> _The data_
╭──
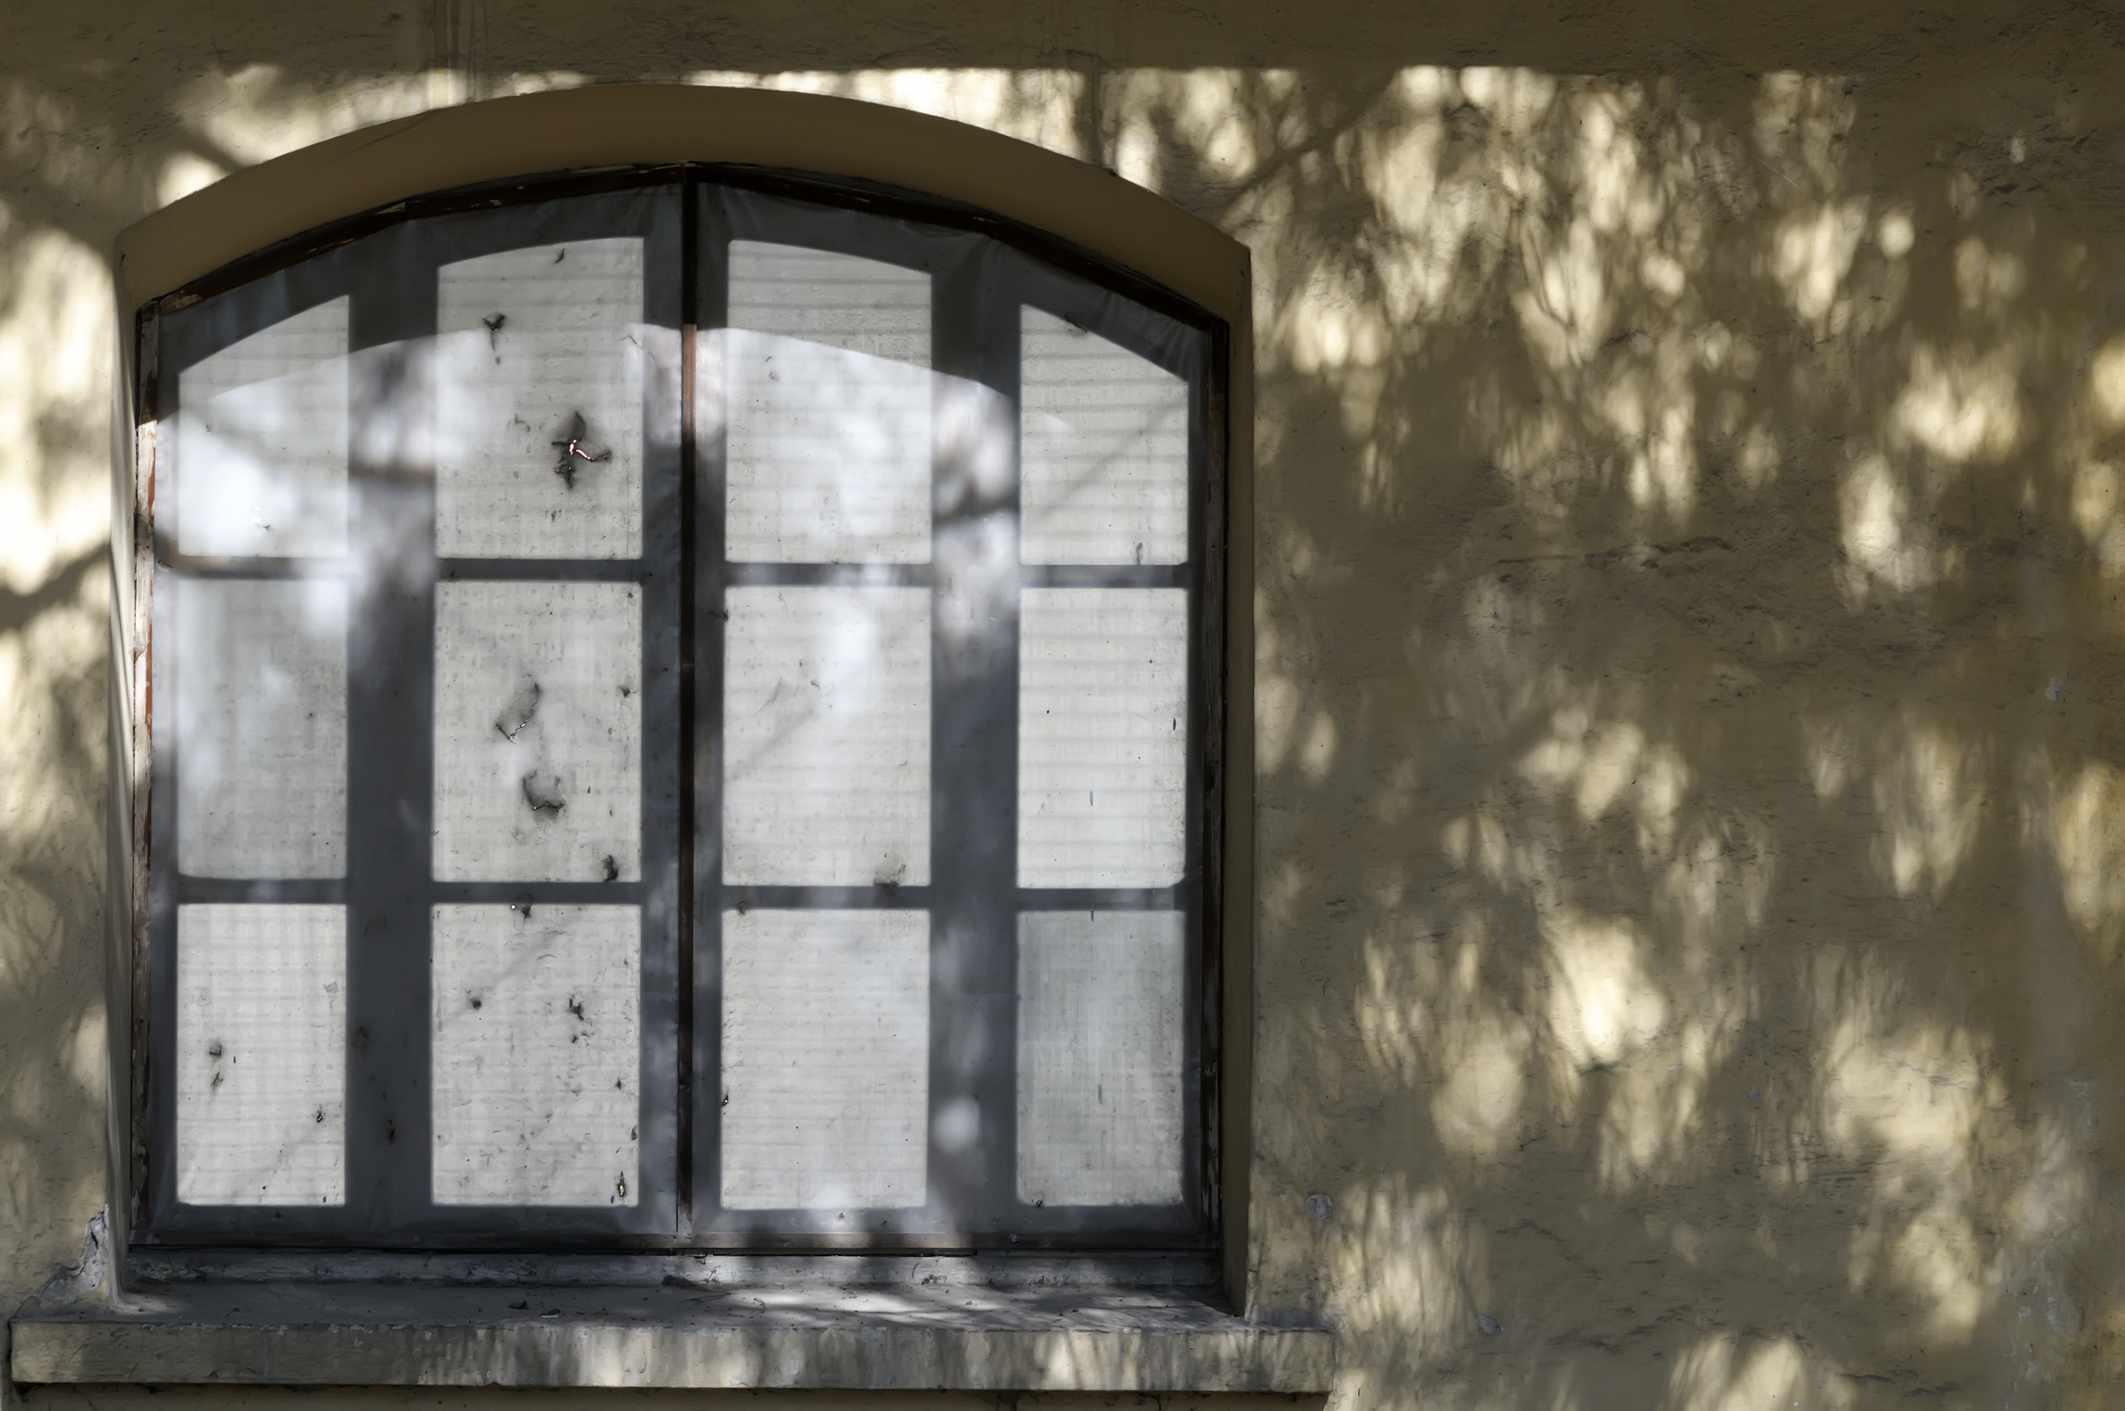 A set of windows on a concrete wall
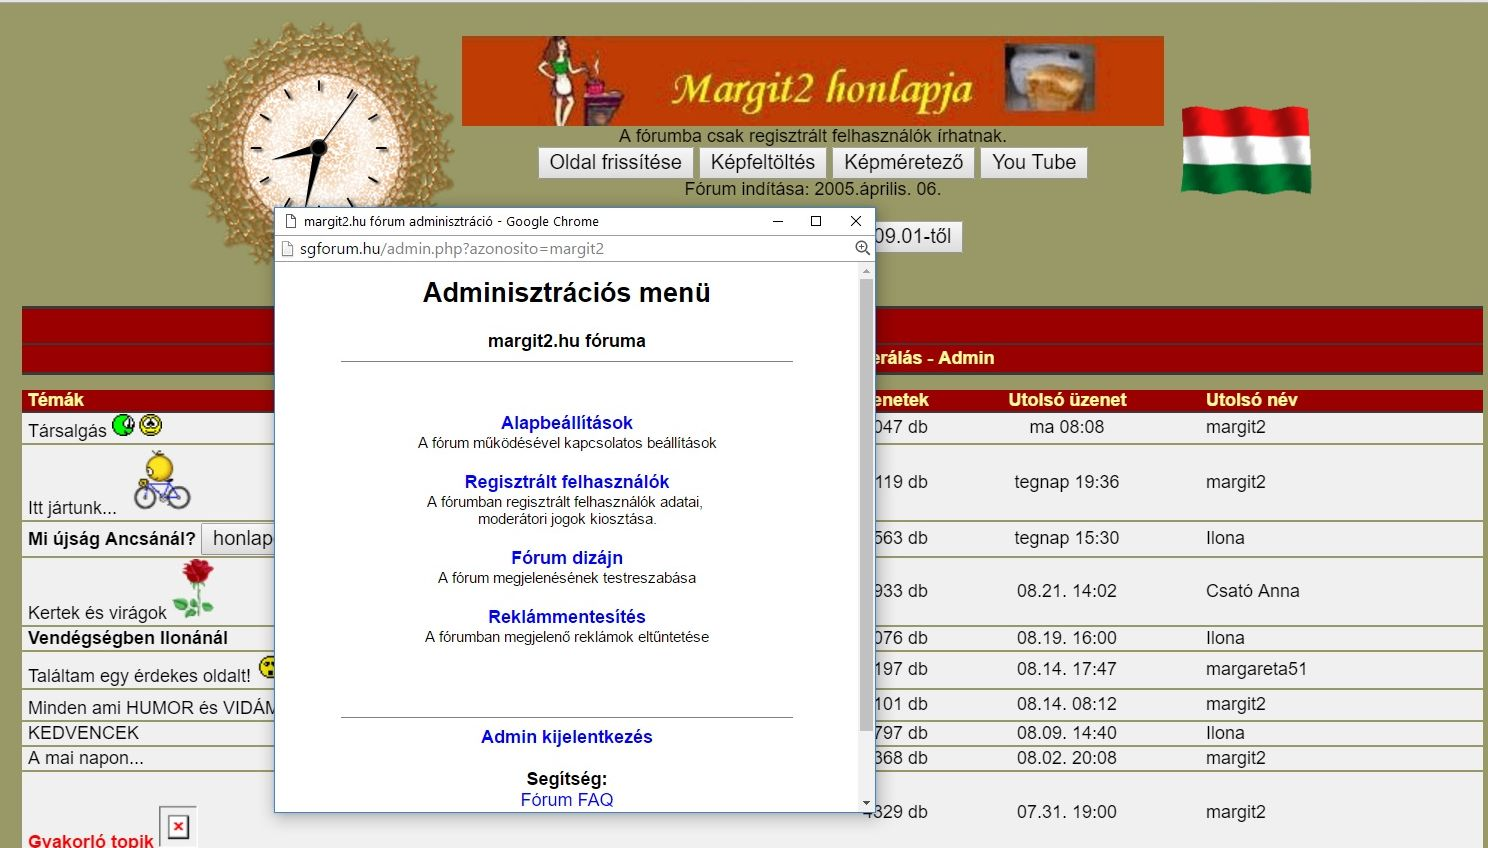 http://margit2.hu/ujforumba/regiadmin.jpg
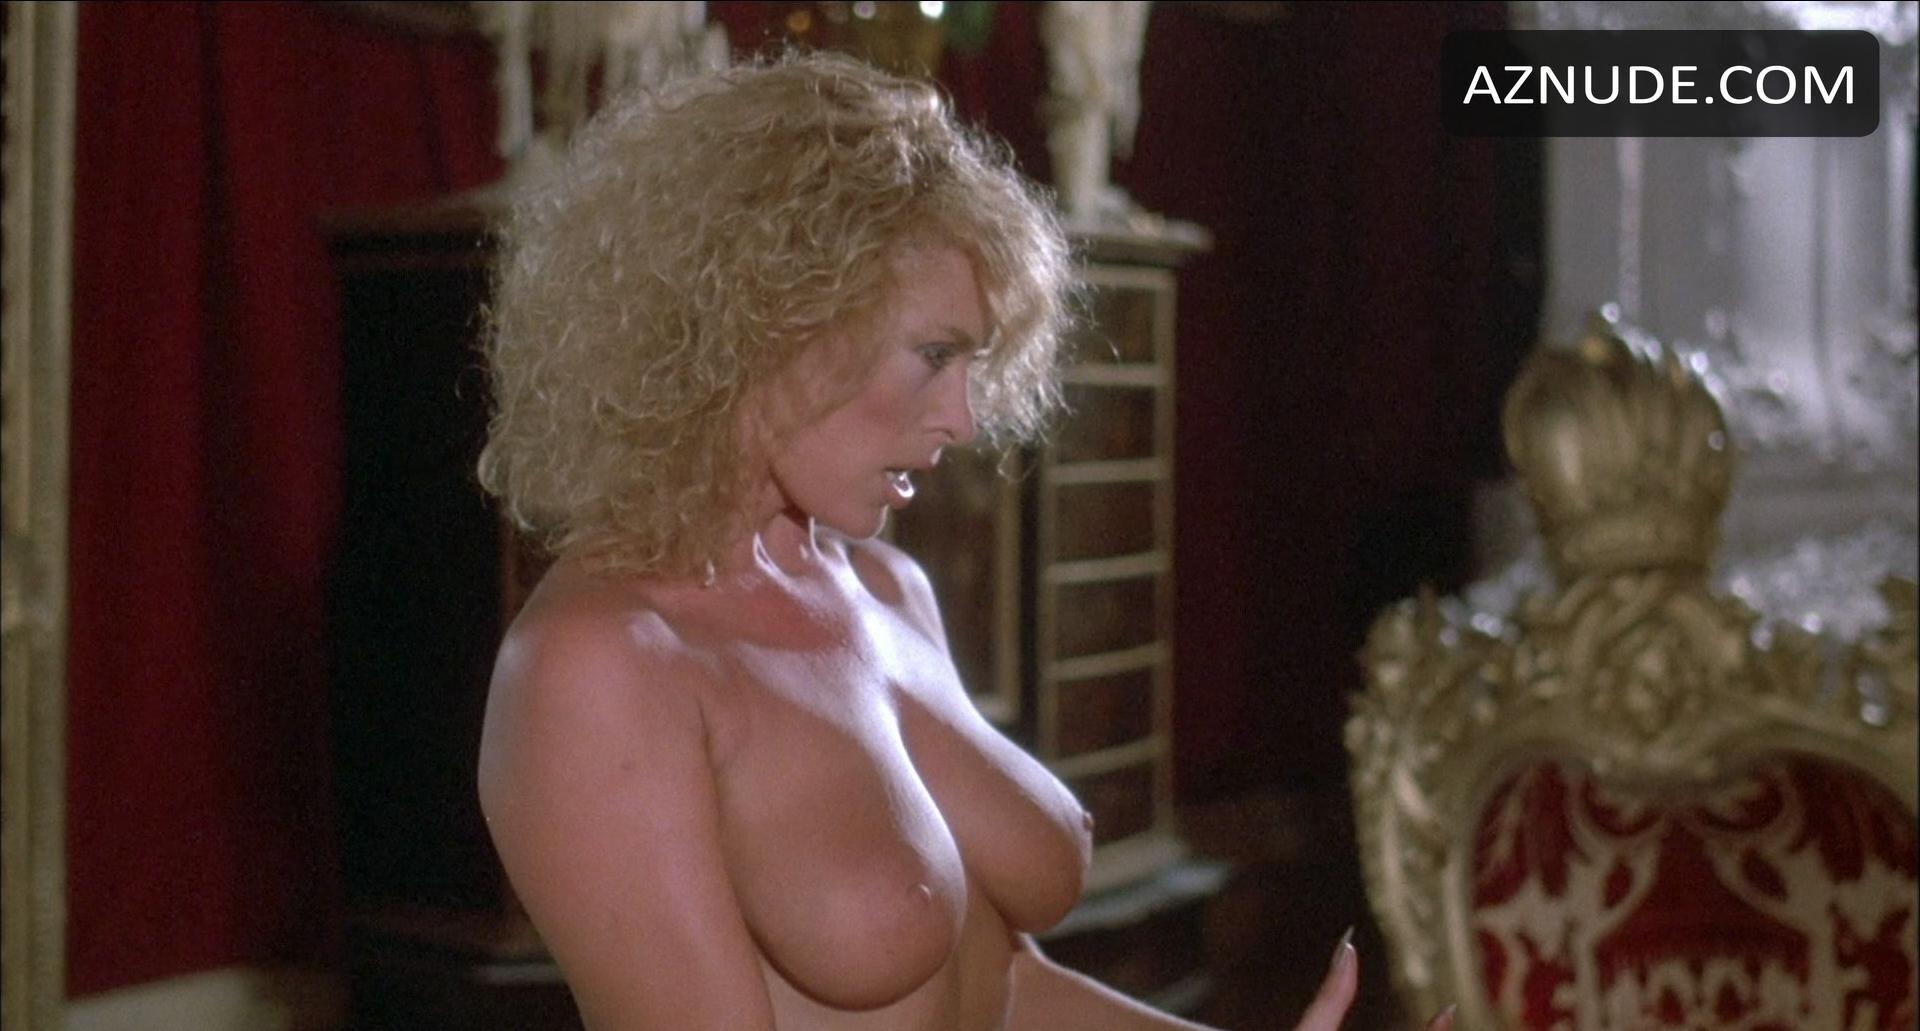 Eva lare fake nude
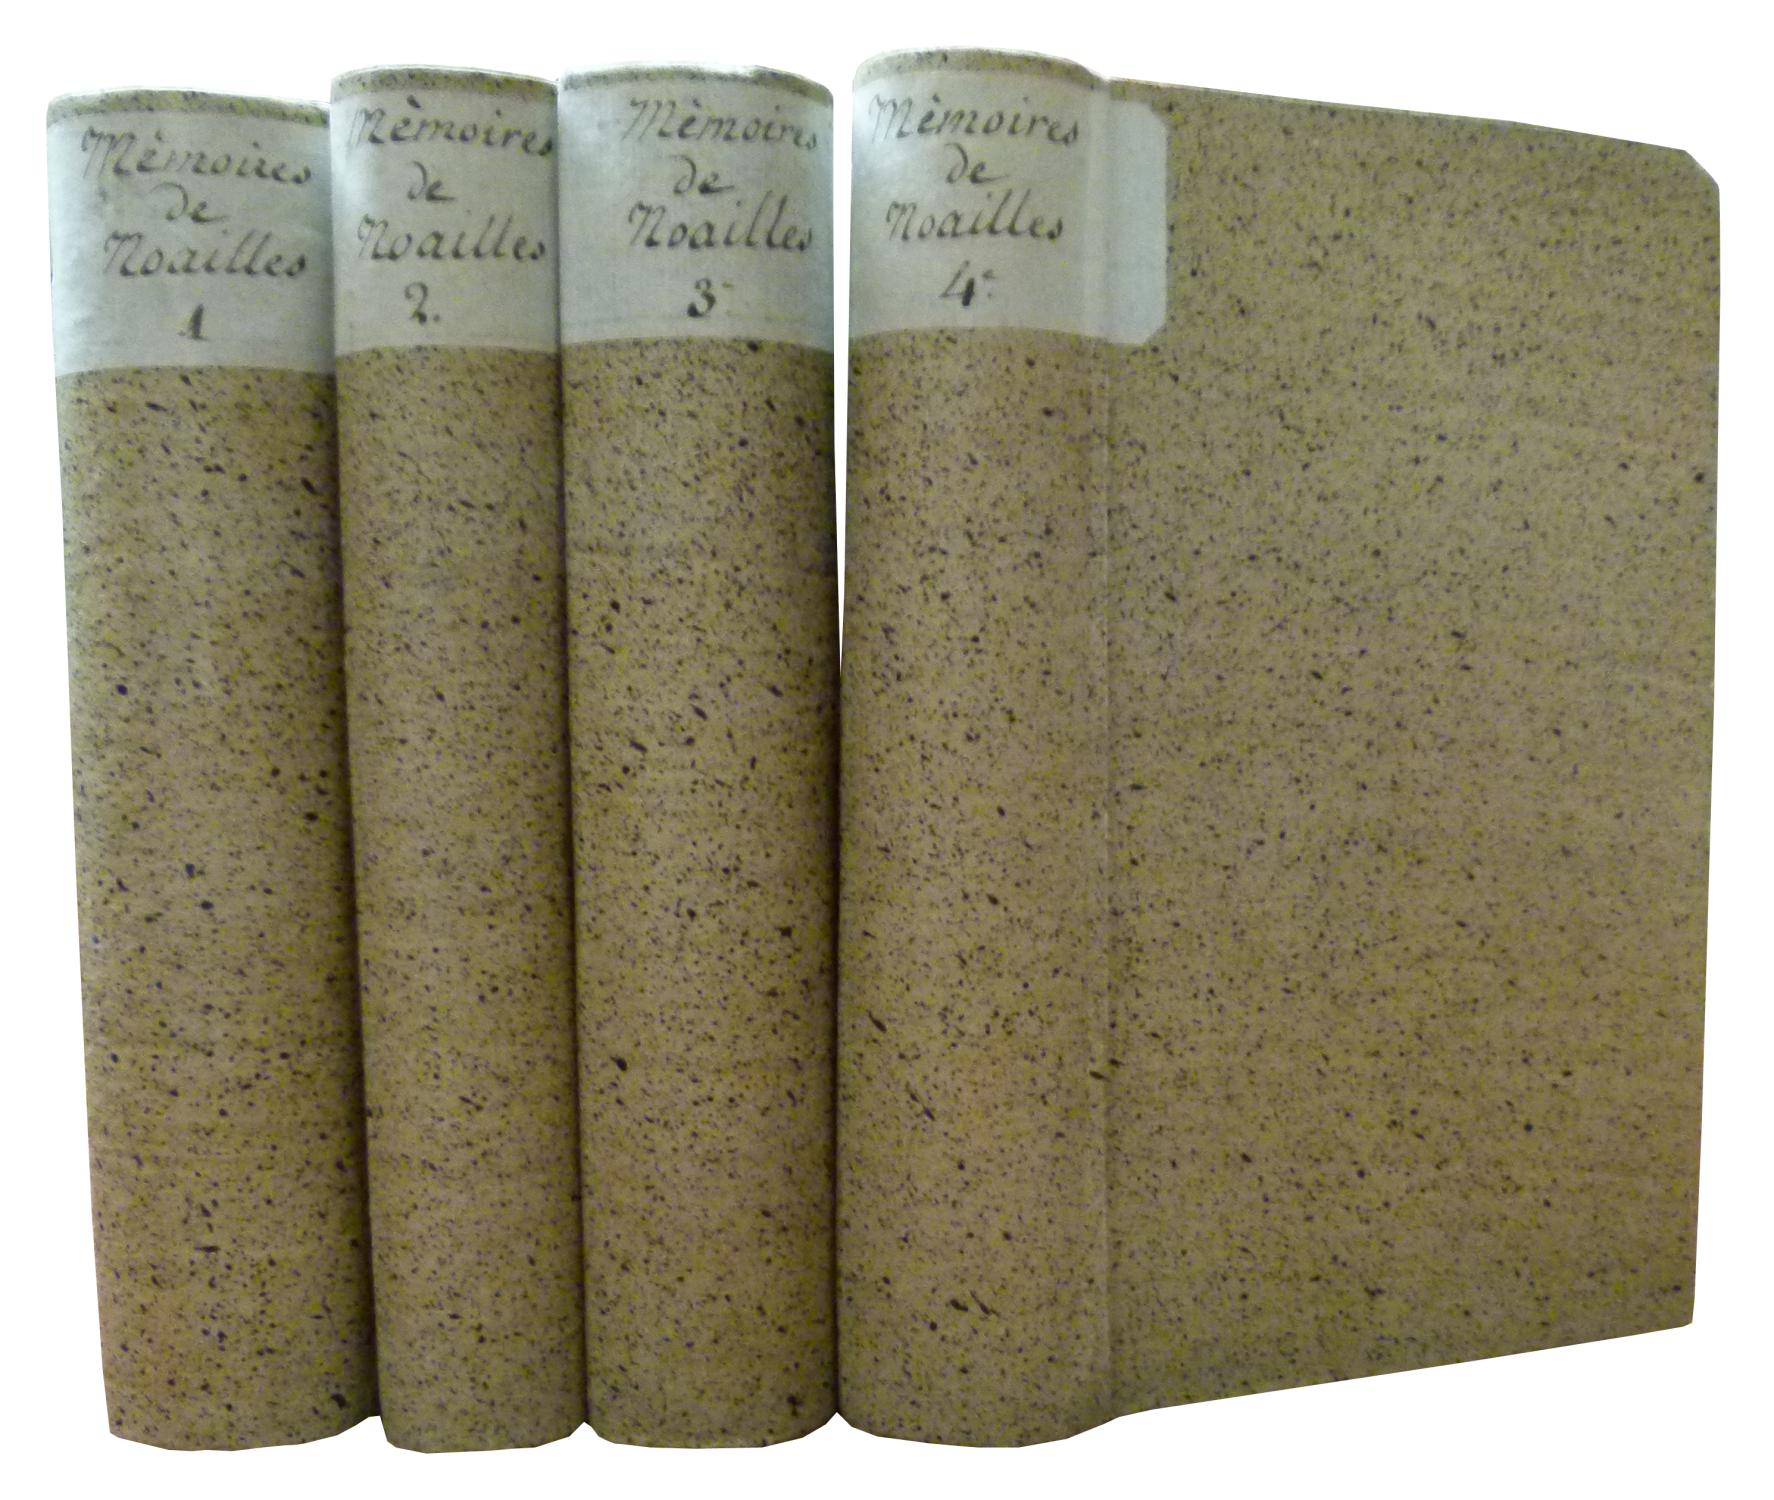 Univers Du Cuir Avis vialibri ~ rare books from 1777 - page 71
╰──
> _Work request_
Copy out the material above in full and exactly, but with no pictures.

> _Answer for this exercise_
 A set of windows on a concrete wall
 http://margit2.hu/ujforumba/regiadmin.jpg
 Eva lare fake nude
 Univers Du Cuir Avis vialibri ~ rare books from 1777 - page 71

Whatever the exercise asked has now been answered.